Gays, LGBT groups and elected officials sued Tennessee in state court June 13 over a new law that prohibits cities, counties and school districts from having laws or policies that protect LGBT people from discrimination.
The law says, "No local government shall by ordinance, resolution, or any other means impose on or make applicable to any person an anti-discrimination practice, standard, definition, or provision that shall deviate from, modify, supplement, add to, change, or vary in any manner from" state law.
The statute targeted a Nashville law that prohibited metropolitan government contractors from discriminating on the basis of sexual orientation or gender identity through their employment practices.
The lawsuit says, "HB600 embodies an animus toward gay and transgender people so strong that the Tennessee legislature was willing to repeal policies protecting students against bullying and harassment and to make other groups suffer as well, merely to prevent gay and transgender citizens from obtaining needed protections."
Lead attorney Abby Rubenfeld said: "They passed a law based on disapproval of gay and transgender people, which the Tennessee and U.S. constitutions do not permit. Fifteen years ago, in factin a case quite similar to this onethe U.S. Supreme Court ruled that 'if the constitutional conception of "equal protection of the laws" means anything, it must at the very least mean that a bare ... desire to harm a politically unpopular group cannot constitute a legitimate governmental interest.'"
In that ruling, the Supreme Court struck down Colorado's Amendment 2, which barred any laws anywhere in the state that protected gay people from discrimination.
Plaintiffs in the Tennessee lawsuit include Nashville Metro Councilmembers Erik Cole, Erica Gilmore and Mike Jameson; high-school student Shirit Pankowsky (founder of Martin Luther King, Jr. High School's Gay/Straight Alliance); Marisa Richmond, president of the Tennessee Transgender Political Coalition; Wesley Roberts, a teacher and GSA co-sponsor at Hume-Fogg Academic Magnet School; the Tennessee Equality Project; and the Tennessee Transgender Political Coalition.

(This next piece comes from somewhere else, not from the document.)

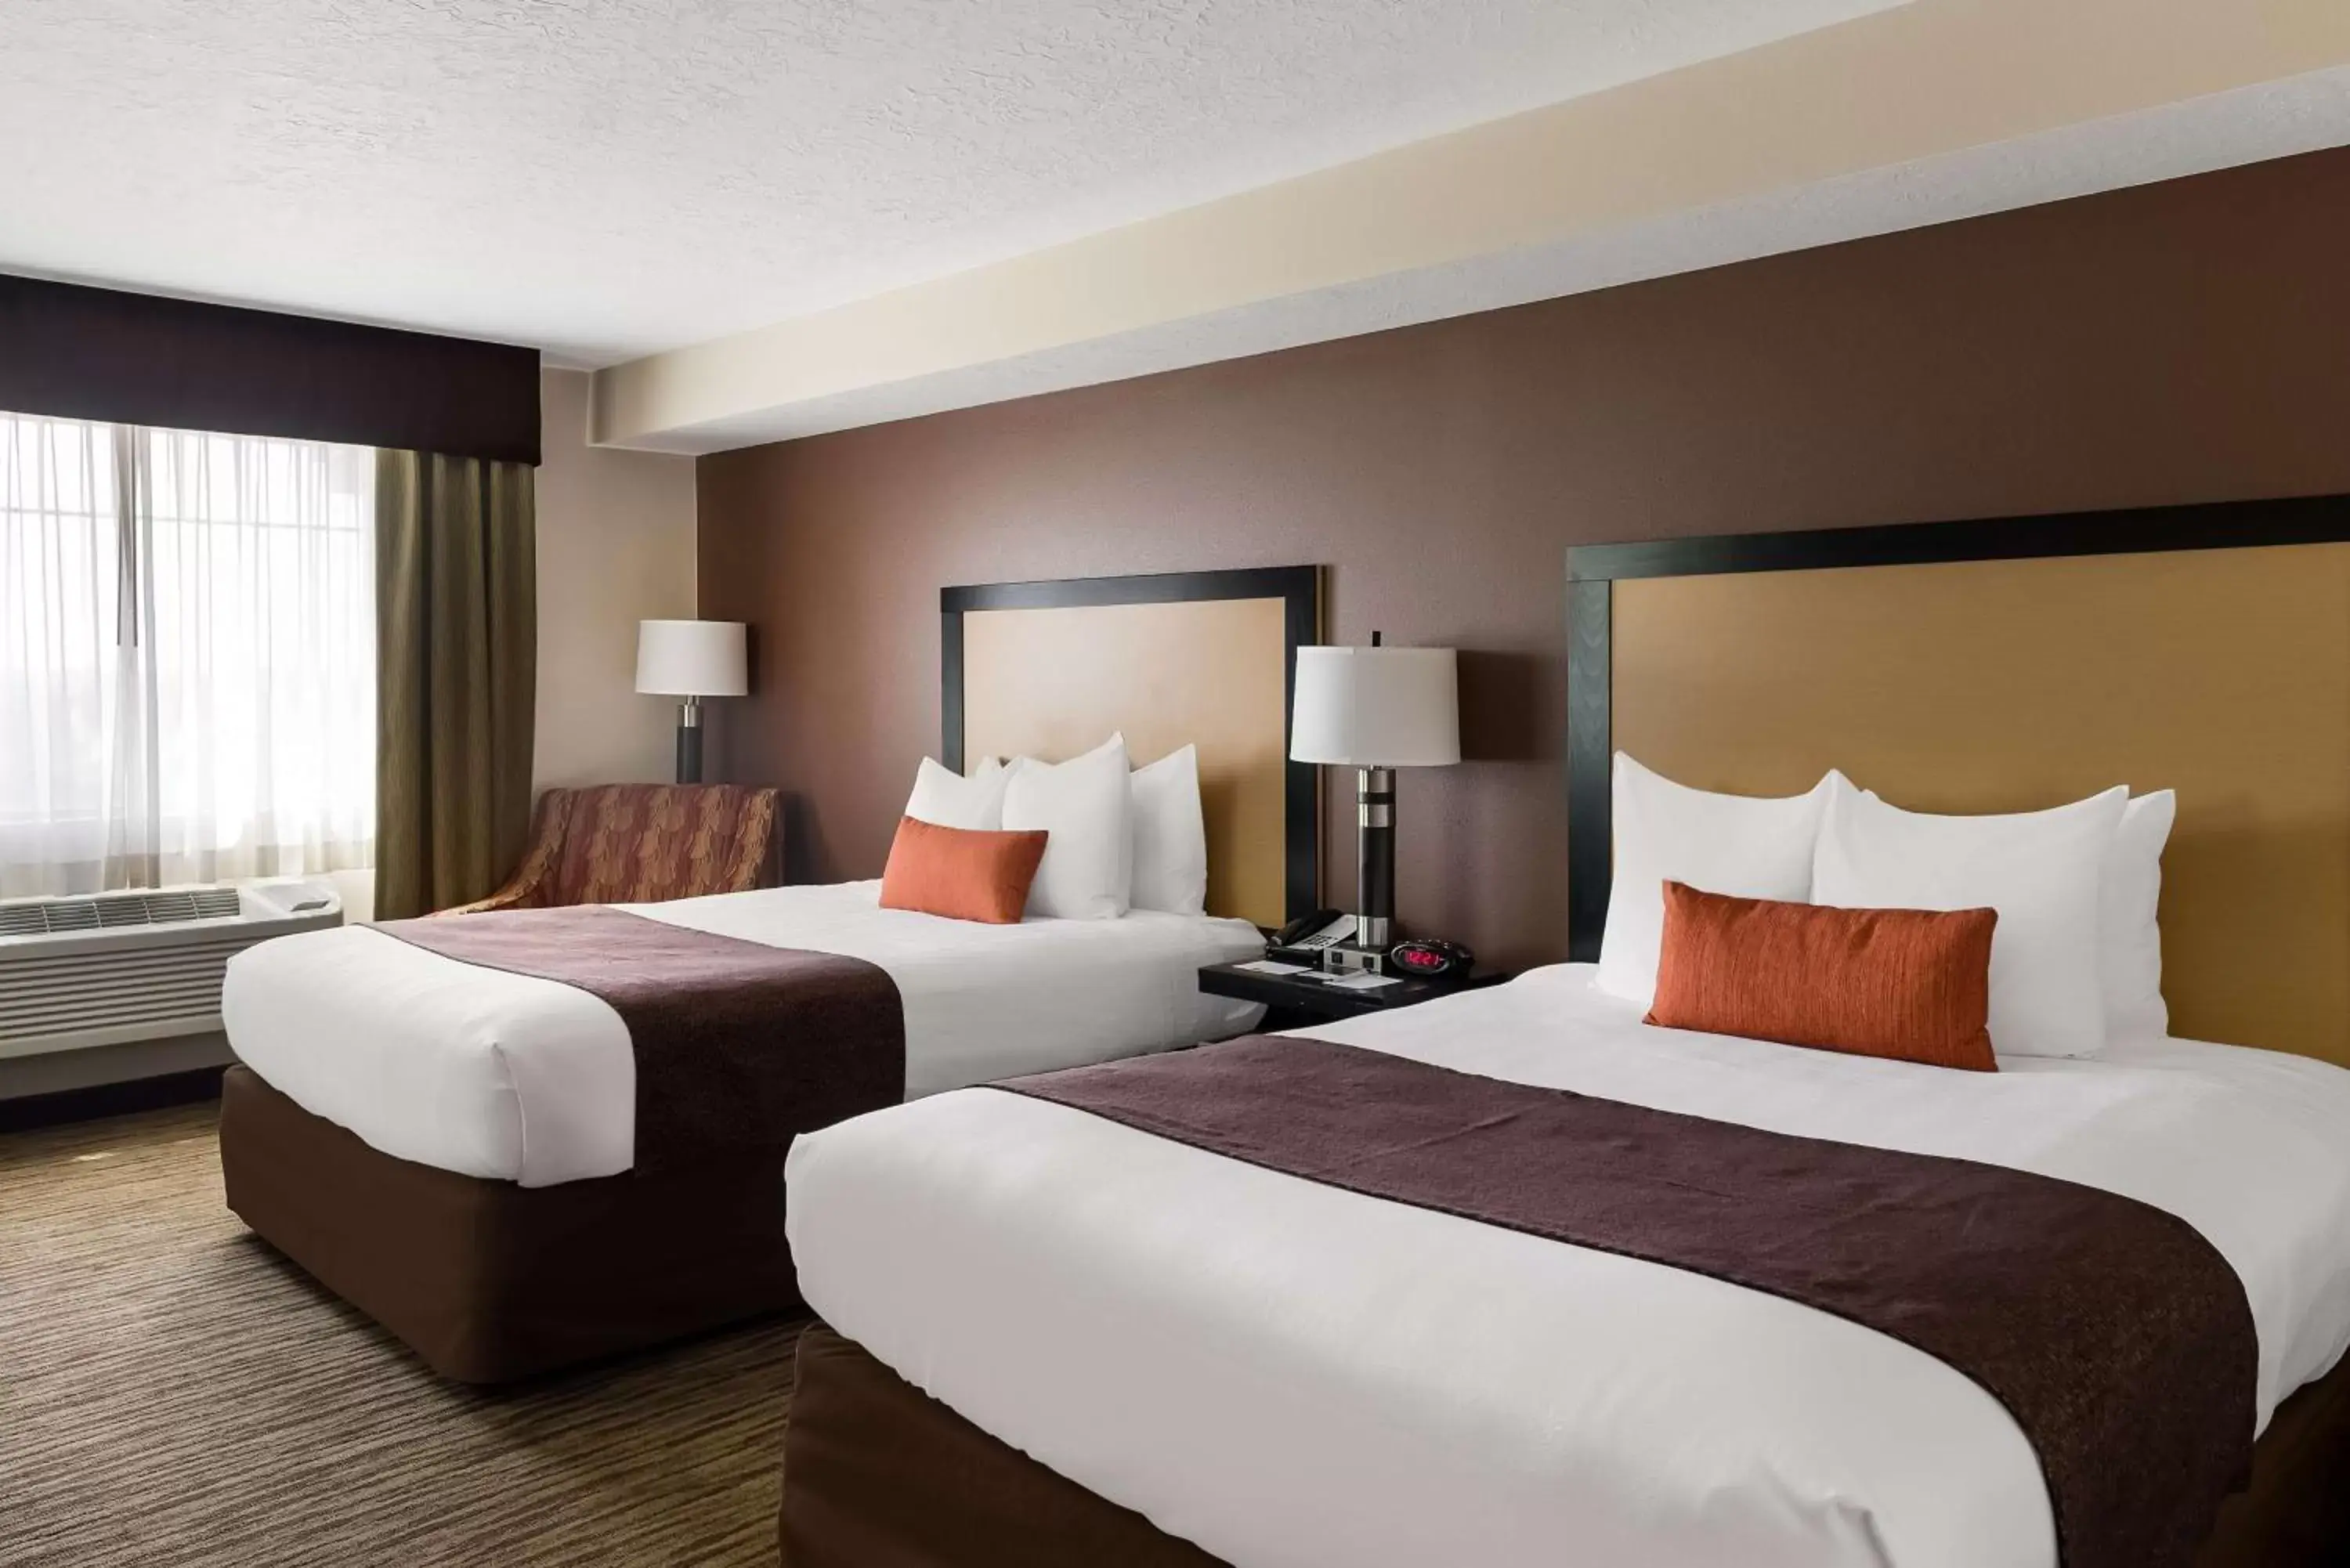 Bedroom, Bed in Best Western Plus Landmark Hotel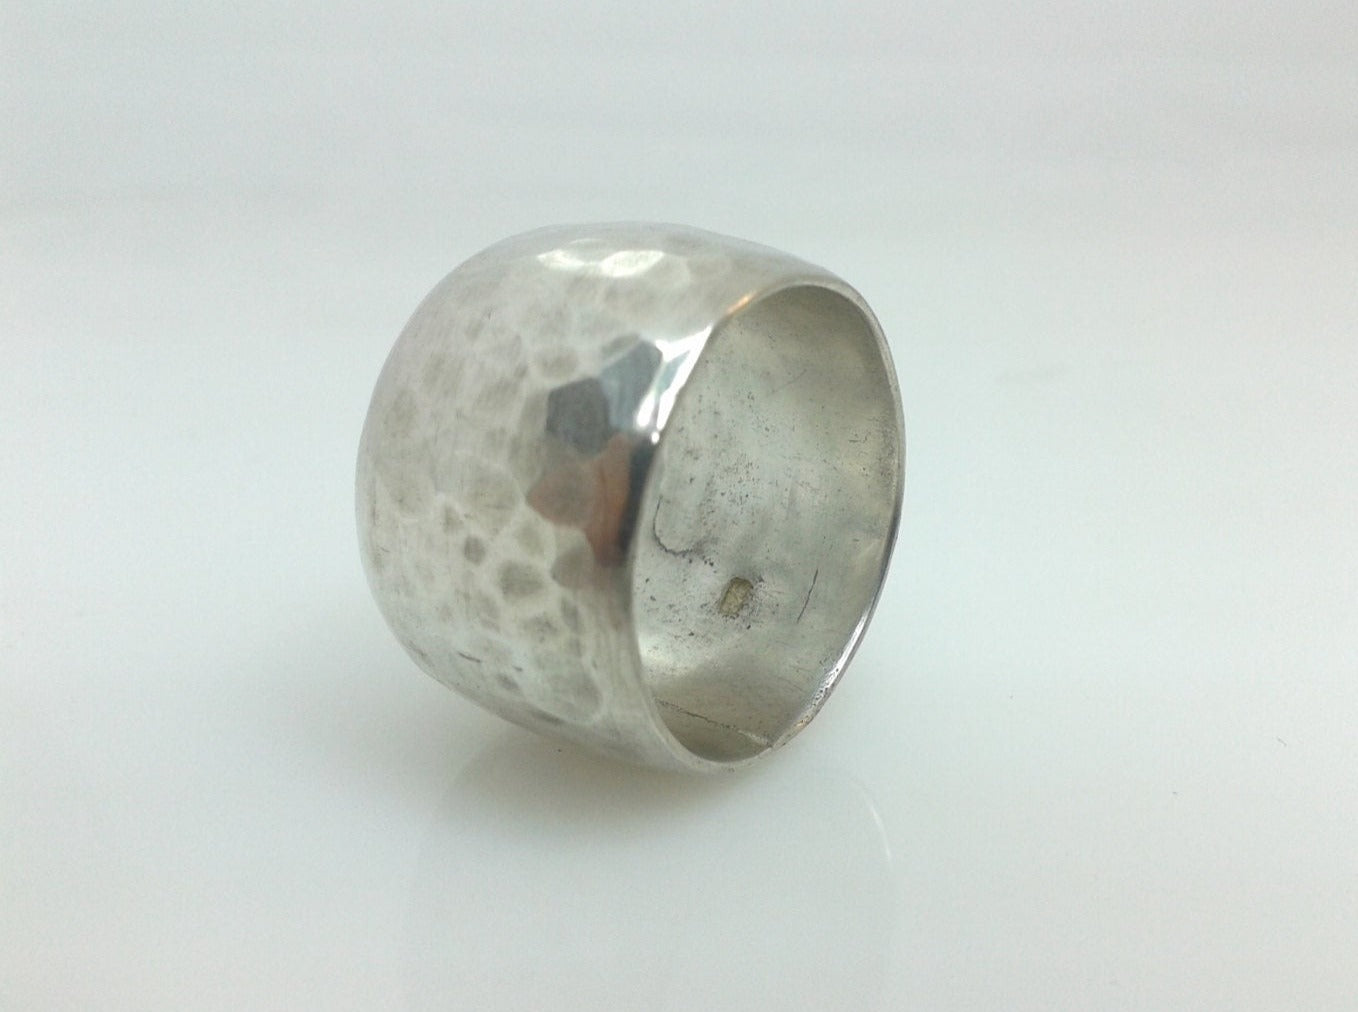 Dieser Ring ist einfach fantastisch. Wenn Sie ein großer Silberring suchen, hier sind Sie richtig. Er ist 14 mm (1/2") breit und 2 mm dick und verjüngt sich zu den Kanten hin. Ich habe ihn geschmiedet, was ihm die herrliche gehämmerte Struktur verleiht, die Sie auf den Bildern sehen.

"The state legislation was disguised as an effort to ensure consistent business regulations across Tennessee counties," said Jameson. "But that was a Trojan-horse pretext for getting this passed. Every county has unique zoning regulations, unique employment regulations, and so forth. Why is it only now, and only on the issue of discrimination, that we suddenly need uniformity?"
The National Center for Lesbian Rights and Morrison & Foerster also are representing plaintiffs in the case.
"Under the very thin guise of protecting businesses and commerce, Tennessee passed a law specifically intended to encourage discrimination against lesbian, gay, bisexual and transgender members of the community," said NCLR Legal Director Shannon Minter. "This law is part of a larger, national strategy to attack cities and counties that attempt to protect their citizens from discrimination based on characteristics that bear no relationship to job performance, talent or one's ability to contribute to society."
The lawsuit says the law violates equal-protection guarantees of the U.S. and Tennessee constitutions.